GIVEN DATA:
=====

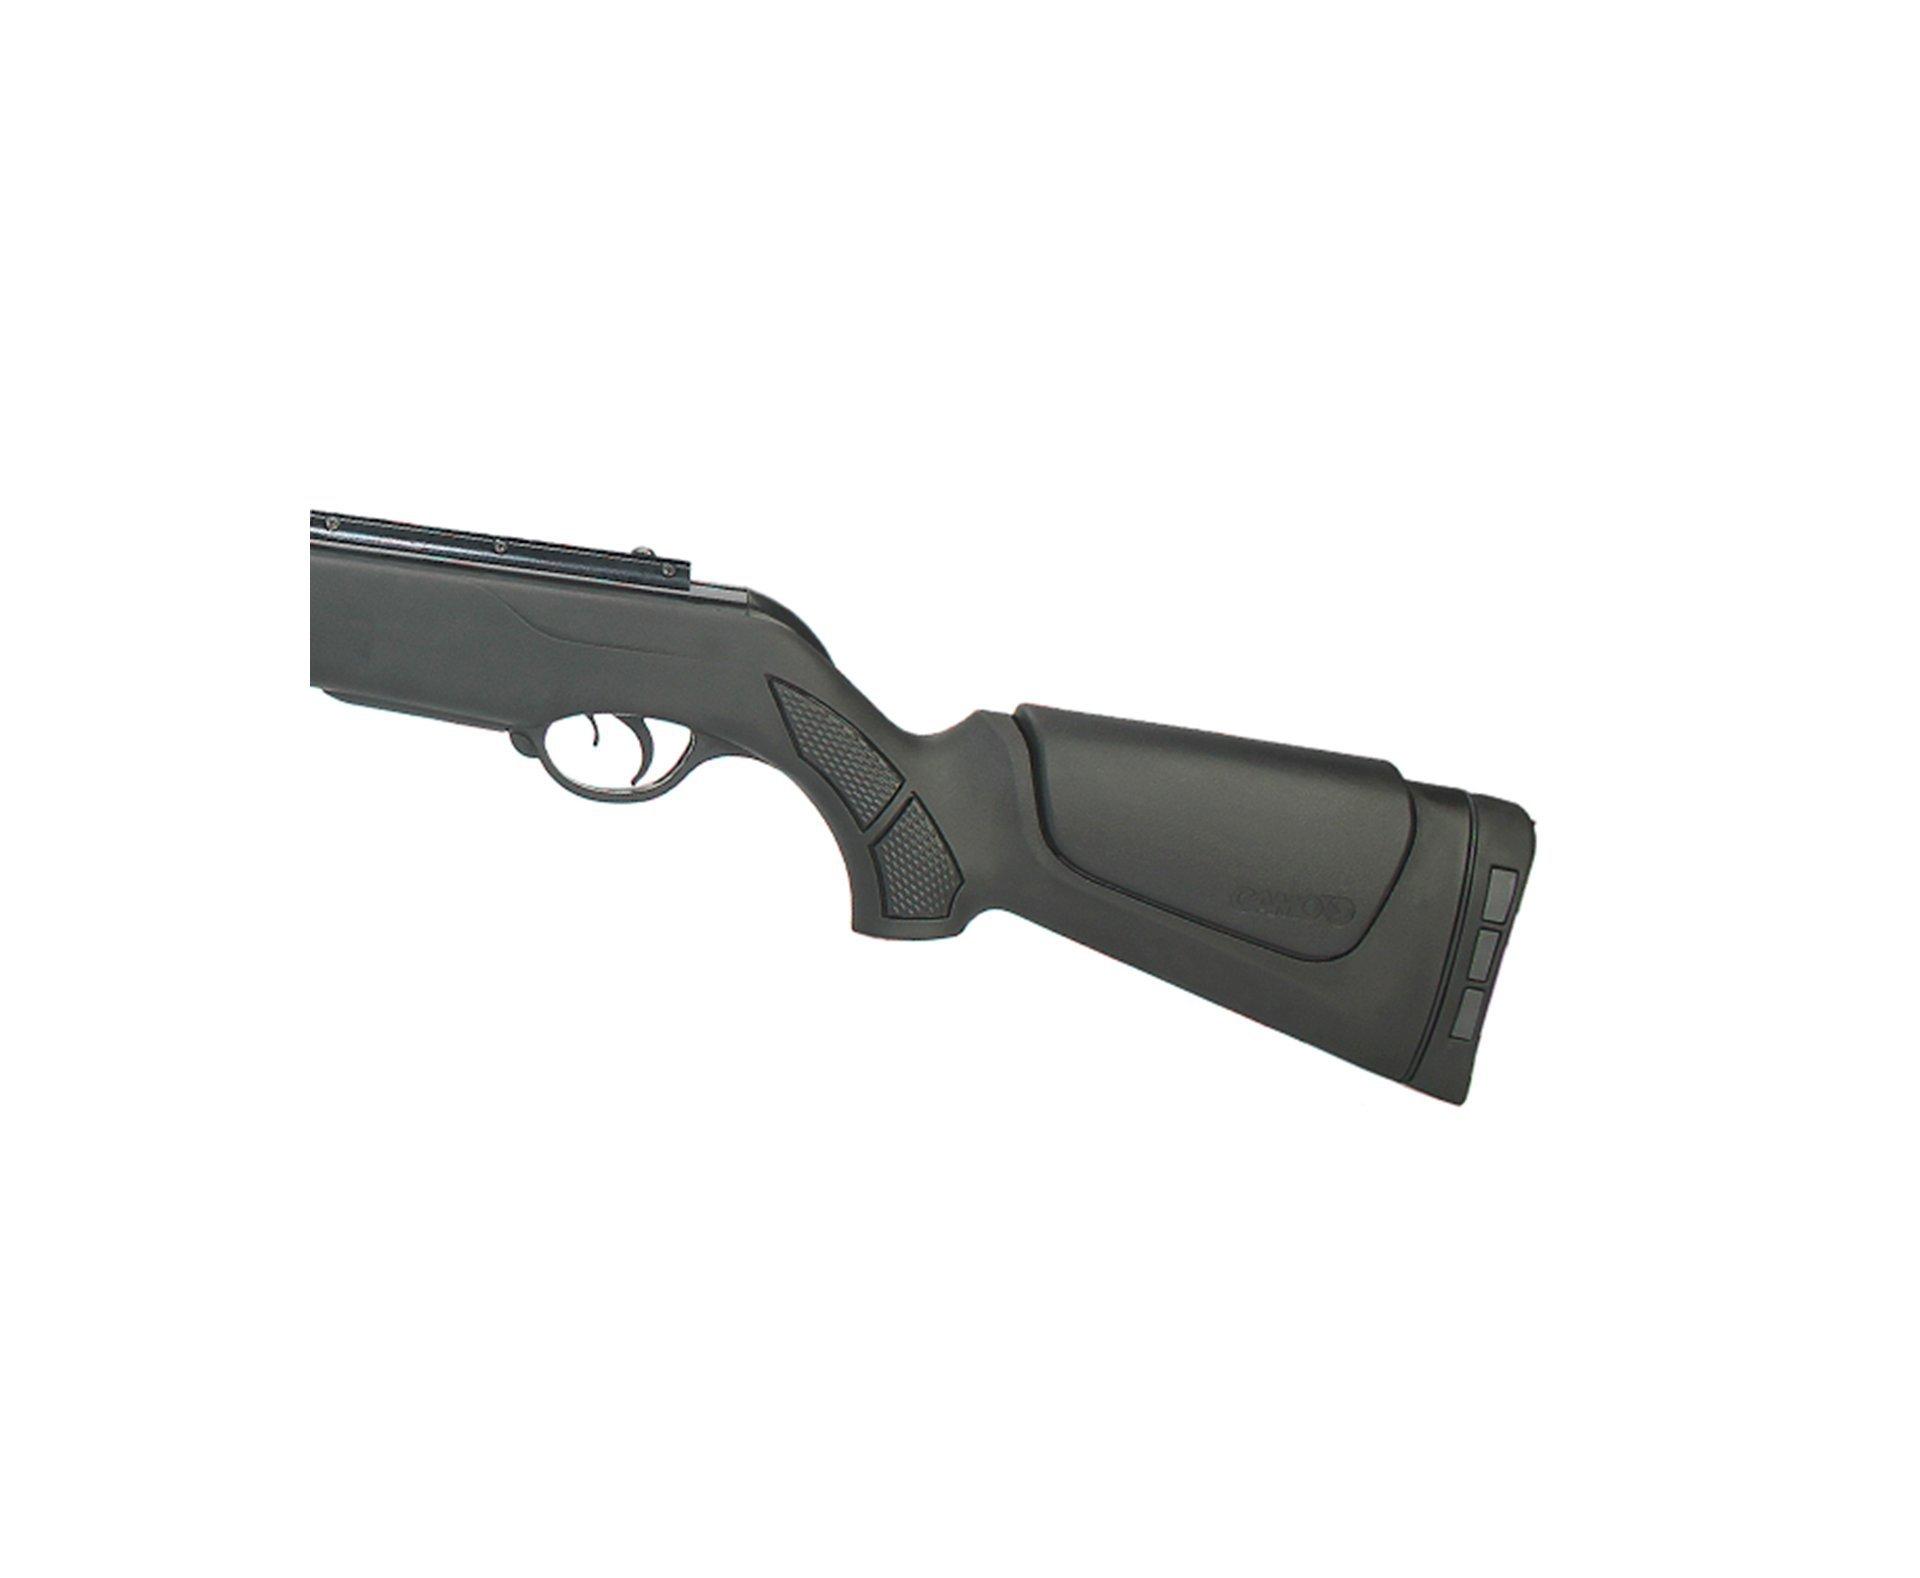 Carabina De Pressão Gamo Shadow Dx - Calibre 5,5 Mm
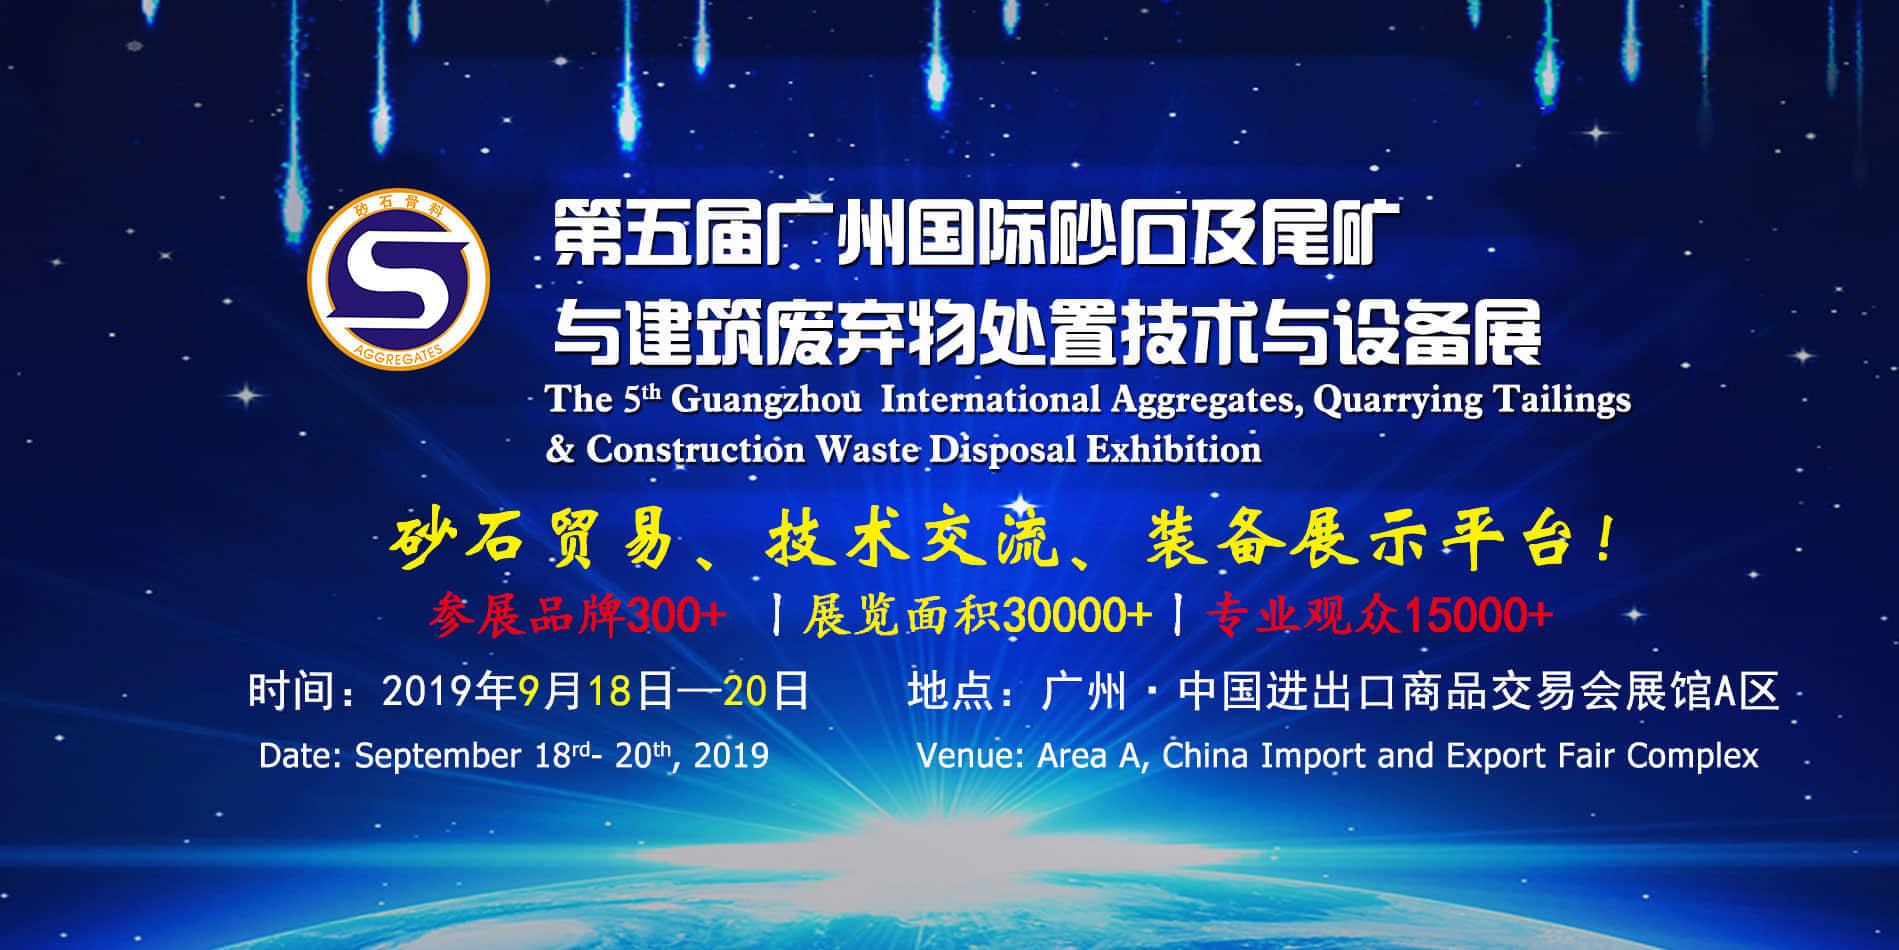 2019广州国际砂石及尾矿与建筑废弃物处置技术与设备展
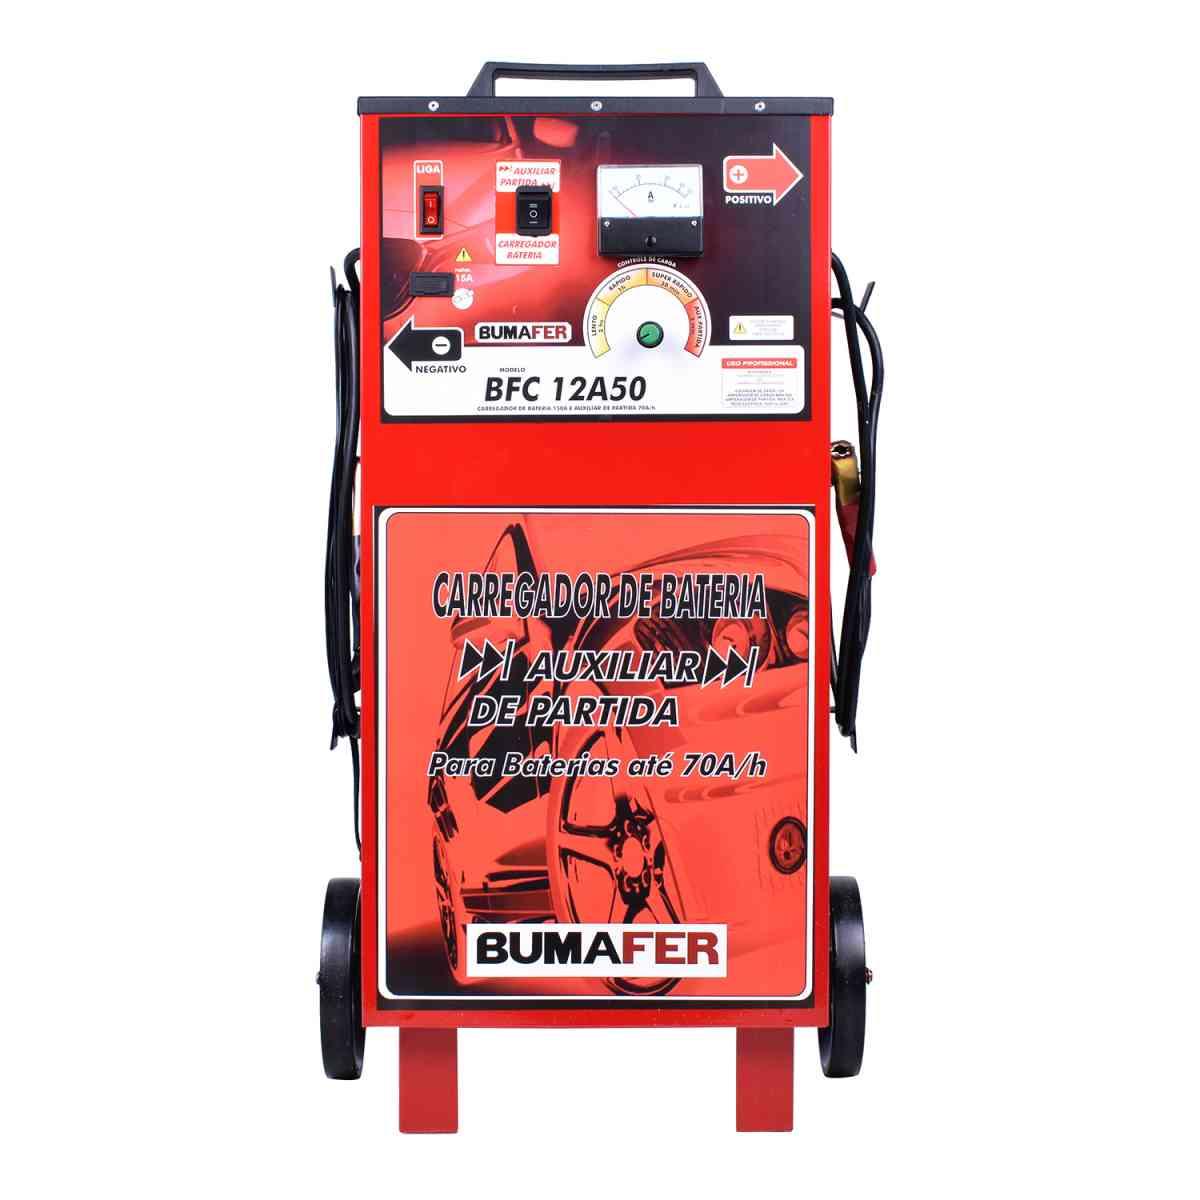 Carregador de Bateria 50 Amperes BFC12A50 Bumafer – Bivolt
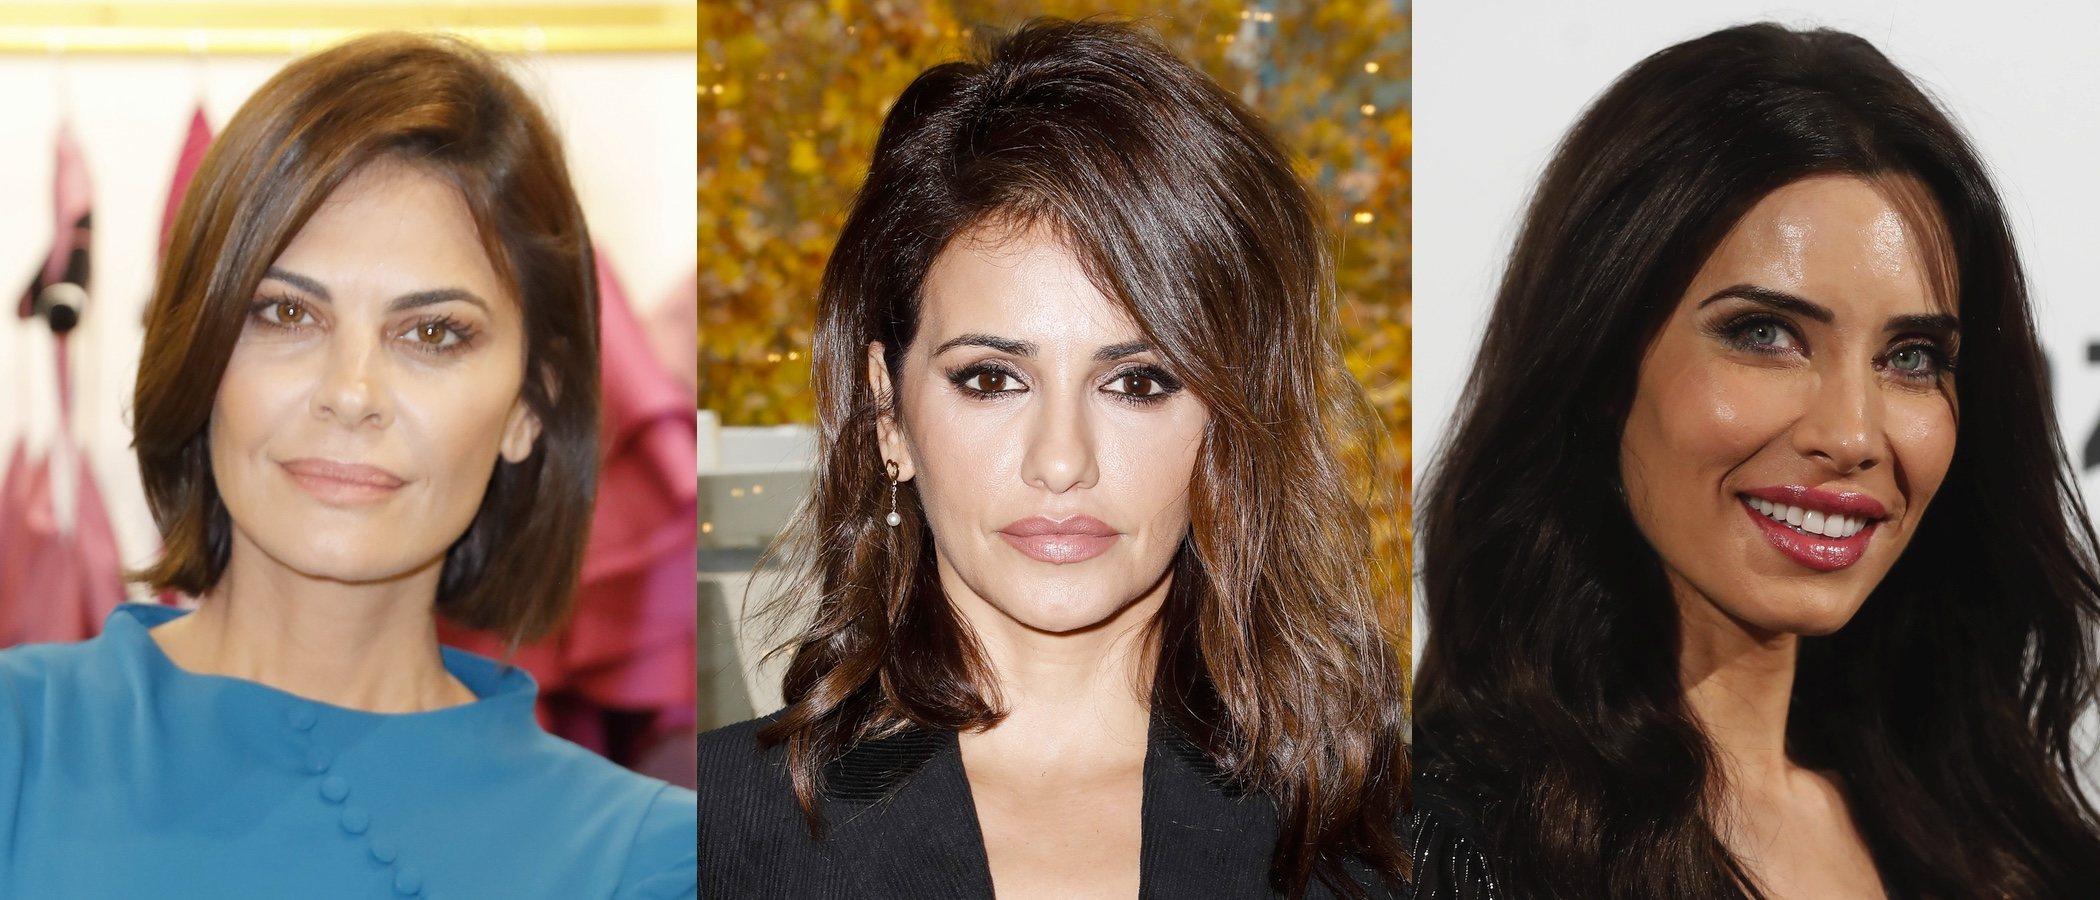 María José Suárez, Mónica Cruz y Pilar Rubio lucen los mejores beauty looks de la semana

=====

WHAT IS BEING ASKED:
Would you please retype the material above exactly and leave out each picture?

SOLUTION TO THIS PROBLEM:
 Carabina De Pressão Gamo Shadow Dx - Calibre 5,5 Mm
 2019广州国际砂石及尾矿与建筑废弃物处置技术与设备展
 Carregador de Bateria 50 Amperes BFC12A50 Bumafer – Bivolt
 María José Suárez, Mónica Cruz y Pilar Rubio lucen los mejores beauty looks de la semana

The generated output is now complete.